Source records:

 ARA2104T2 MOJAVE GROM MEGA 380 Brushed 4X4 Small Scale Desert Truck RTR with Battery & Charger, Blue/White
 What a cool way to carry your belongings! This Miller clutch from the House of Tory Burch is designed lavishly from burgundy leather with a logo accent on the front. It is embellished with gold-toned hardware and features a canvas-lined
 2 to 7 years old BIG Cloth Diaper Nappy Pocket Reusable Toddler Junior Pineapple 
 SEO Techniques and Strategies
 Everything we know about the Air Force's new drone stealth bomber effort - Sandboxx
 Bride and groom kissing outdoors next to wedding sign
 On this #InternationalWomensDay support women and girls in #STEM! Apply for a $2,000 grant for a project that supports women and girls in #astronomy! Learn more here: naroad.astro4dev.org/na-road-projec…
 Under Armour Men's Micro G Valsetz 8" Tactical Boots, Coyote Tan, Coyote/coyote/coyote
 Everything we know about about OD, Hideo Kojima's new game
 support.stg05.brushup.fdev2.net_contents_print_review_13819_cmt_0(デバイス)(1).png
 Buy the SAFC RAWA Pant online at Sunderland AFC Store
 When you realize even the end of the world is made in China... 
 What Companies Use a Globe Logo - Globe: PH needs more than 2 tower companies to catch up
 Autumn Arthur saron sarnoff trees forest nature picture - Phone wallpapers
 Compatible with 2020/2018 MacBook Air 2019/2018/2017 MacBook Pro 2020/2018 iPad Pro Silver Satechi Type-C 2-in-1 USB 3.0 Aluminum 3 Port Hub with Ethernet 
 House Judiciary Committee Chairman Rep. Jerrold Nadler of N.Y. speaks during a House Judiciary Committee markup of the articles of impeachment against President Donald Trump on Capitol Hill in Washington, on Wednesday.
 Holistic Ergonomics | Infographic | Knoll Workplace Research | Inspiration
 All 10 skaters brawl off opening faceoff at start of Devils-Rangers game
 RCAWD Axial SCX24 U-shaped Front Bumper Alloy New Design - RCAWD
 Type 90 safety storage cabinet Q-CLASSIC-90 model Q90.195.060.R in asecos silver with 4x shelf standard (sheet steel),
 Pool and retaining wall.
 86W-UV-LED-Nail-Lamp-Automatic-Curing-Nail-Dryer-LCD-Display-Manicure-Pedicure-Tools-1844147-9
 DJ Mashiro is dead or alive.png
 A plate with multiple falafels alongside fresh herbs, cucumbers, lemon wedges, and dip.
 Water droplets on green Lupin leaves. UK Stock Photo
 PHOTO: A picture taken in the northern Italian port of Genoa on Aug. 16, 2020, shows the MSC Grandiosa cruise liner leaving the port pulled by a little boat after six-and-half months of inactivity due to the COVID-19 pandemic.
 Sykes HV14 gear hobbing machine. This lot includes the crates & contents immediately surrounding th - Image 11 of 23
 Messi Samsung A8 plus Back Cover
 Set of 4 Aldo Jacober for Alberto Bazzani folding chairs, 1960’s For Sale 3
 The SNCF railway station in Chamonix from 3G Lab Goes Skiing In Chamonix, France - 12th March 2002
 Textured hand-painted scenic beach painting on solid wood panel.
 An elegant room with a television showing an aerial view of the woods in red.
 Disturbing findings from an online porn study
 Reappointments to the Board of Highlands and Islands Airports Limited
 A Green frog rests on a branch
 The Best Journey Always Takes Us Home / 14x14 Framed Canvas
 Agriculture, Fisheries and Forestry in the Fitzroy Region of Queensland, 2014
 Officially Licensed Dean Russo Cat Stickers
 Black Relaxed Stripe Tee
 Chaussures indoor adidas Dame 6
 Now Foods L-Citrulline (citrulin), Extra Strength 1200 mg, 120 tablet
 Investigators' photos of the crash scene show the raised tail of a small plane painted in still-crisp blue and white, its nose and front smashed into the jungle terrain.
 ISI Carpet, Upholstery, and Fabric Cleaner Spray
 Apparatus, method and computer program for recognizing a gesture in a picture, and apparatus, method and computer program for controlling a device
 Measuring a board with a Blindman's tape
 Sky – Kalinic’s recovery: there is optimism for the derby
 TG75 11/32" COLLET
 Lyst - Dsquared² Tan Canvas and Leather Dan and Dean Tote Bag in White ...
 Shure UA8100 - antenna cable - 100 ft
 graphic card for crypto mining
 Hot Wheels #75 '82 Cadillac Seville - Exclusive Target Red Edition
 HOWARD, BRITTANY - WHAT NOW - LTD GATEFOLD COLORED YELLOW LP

Problem details -
Where does the string "House" appear in the records? Copy every line that holds it.

Result -
 What a cool way to carry your belongings! This Miller clutch from the House of Tory Burch is designed lavishly from burgundy leather with a logo accent on the front. It is embellished with gold-toned hardware and features a canvas-lined
 House Judiciary Committee Chairman Rep. Jerrold Nadler of N.Y. speaks during a House Judiciary Committee markup of the articles of impeachment against President Donald Trump on Capitol Hill in Washington, on Wednesday.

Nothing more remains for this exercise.